==== Data records ====

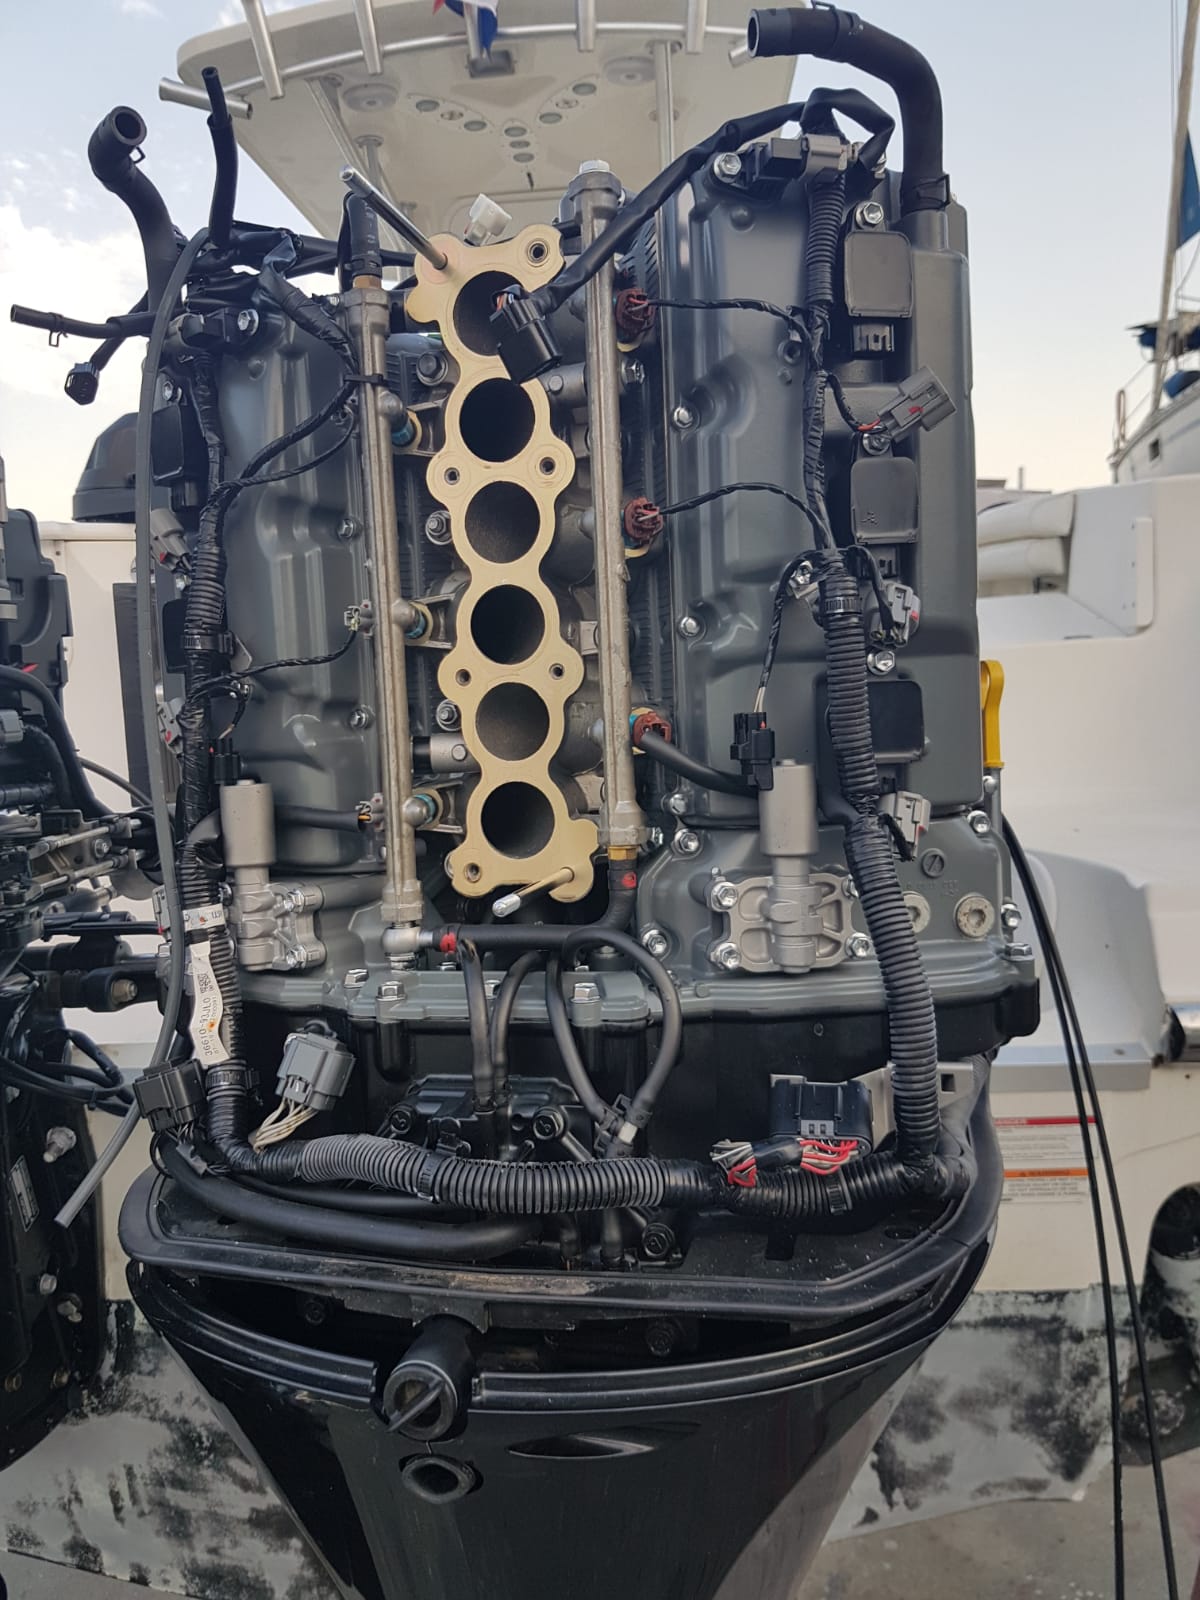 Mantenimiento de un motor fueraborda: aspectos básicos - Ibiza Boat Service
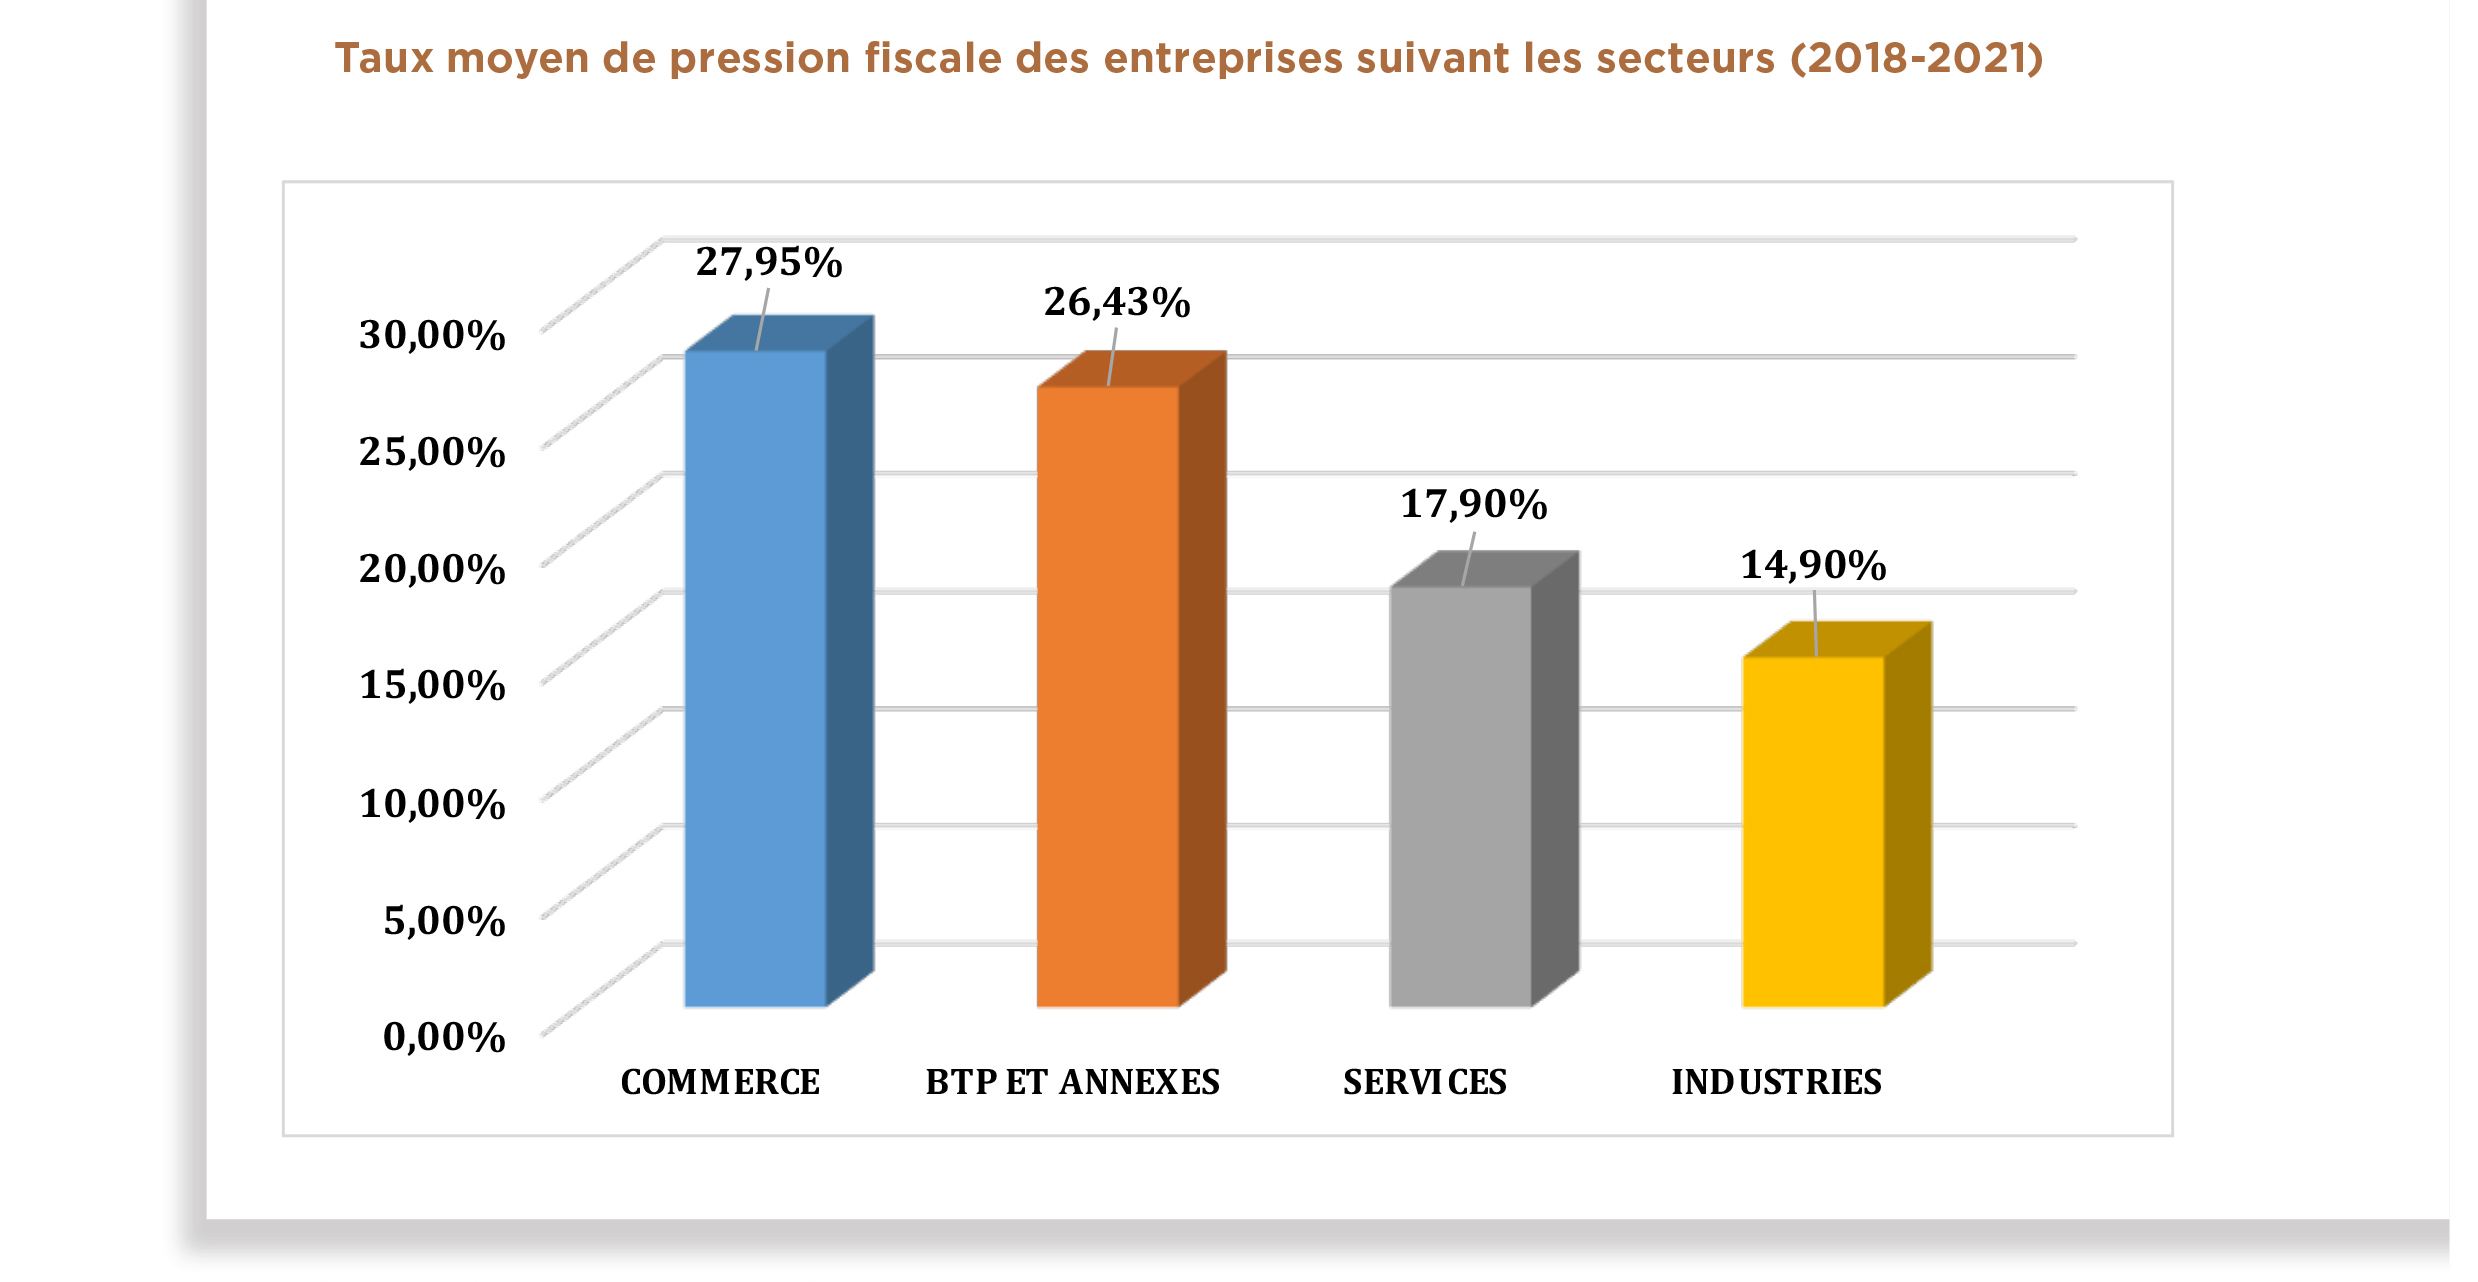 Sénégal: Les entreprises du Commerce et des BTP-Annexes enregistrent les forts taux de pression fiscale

====
==== Data records ====

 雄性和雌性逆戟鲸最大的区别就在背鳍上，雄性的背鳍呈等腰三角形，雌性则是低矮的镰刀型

====

▸ **Brief**
Could you output exactly the lines above, from the line with "Mantenimiento de un" up to and including the line with "Sénégal: Les entreprises", and nothing else, skipping the pictures?

▸ **Answer for the task**
 Mantenimiento de un motor fueraborda: aspectos básicos - Ibiza Boat Service
 Sénégal: Les entreprises du Commerce et des BTP-Annexes enregistrent les forts taux de pression fiscale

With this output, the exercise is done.